Photo of David McNair by Anita Byers.
Photo of David McNair by Anita Byers.

On August 12, 2017 everything in Charlottesville changed. We went from being a lovely, historic college town that was frequently a “number one place to live” selection in national magazines to the epicenter America’s racial unrest. The DTM, or Charlottesville Downtown Mall, a 9-block stretch of Main Street that was converted into a pedestrian mall in the 1970s, took the brunt of what’s come to be known as “A12.” The DTM was already a dynamic, interesting place, which, against the odds, has grown in popularity over the last few decades.

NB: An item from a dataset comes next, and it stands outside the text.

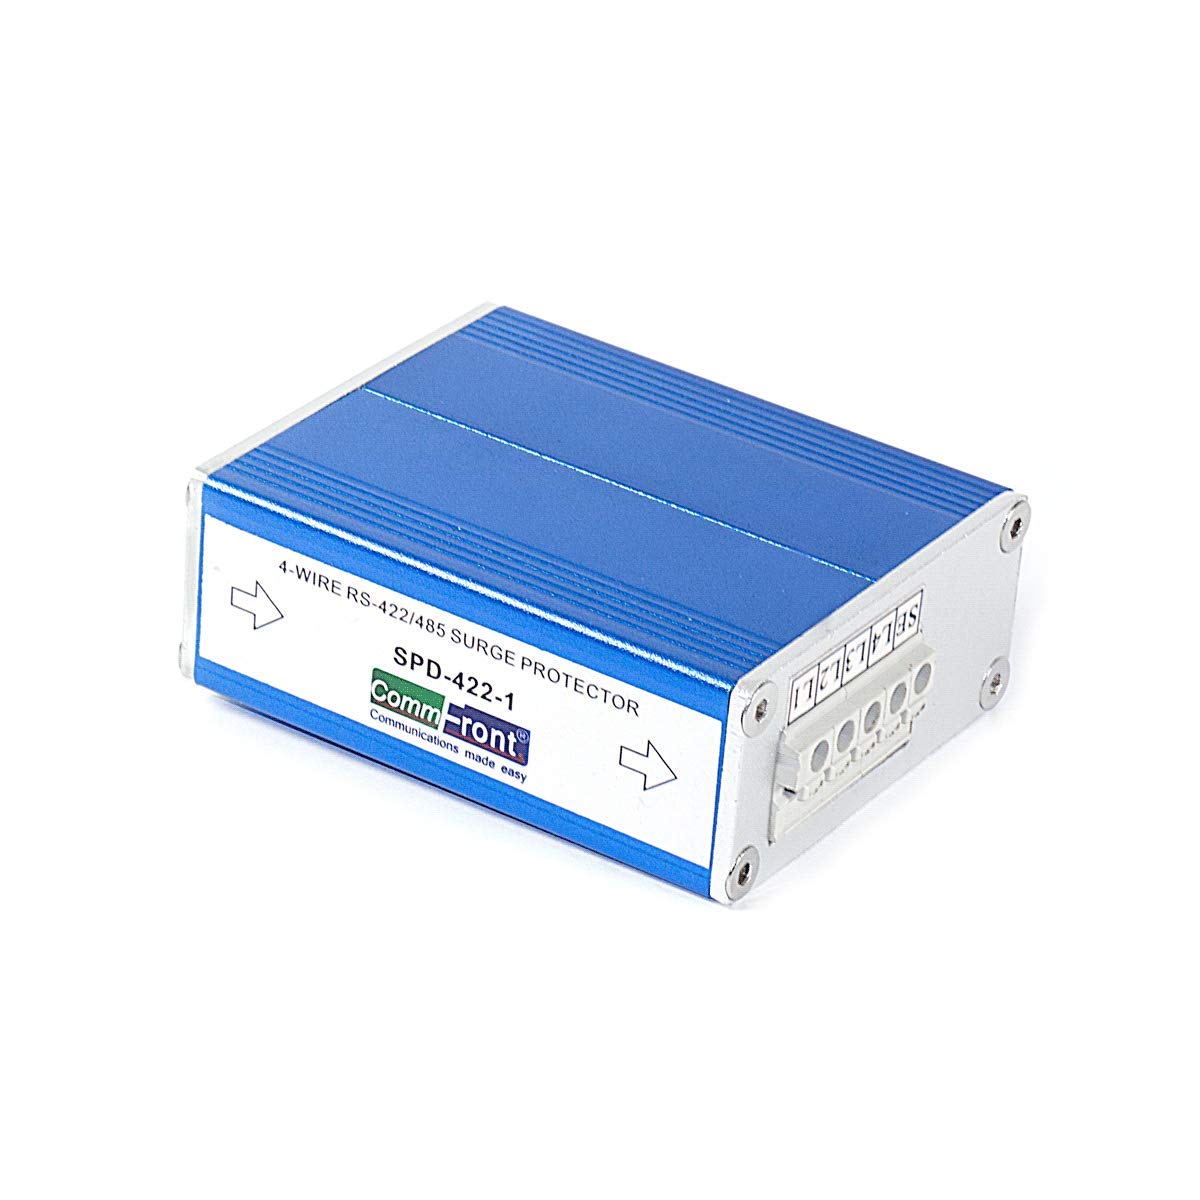 COMMFRONT Industrial 4-Wire RS422 / RS485 / RS232 Surge Protector, Passive, 3-Stage Surge Protection, DIN-Rail Mount

Indeed, the late Bill Lucy, a UVA architecture professor of urban and environmental planning, once called the DTM a “sacred place,” even more sacred than the famed “Lawn” at UVA. “A sacred place is where people commune, share ideas, eat together,” said Lucy. “ There’s a helluva lot more intellectual exchange on the Downtown Mall than at UVA, and that’s because UVA has destroyed it– not by destroying buildings, but by changing their uses.”

After A12, however, which saw protesters mowed down and killed on one of the DTM’s vehicle crossings, things have changed and the future of the DTM’s cultural life remains uncertain. Moving forward, The DTM is an attempt to chronicle the history, large and small, of this dynamic and sacred place.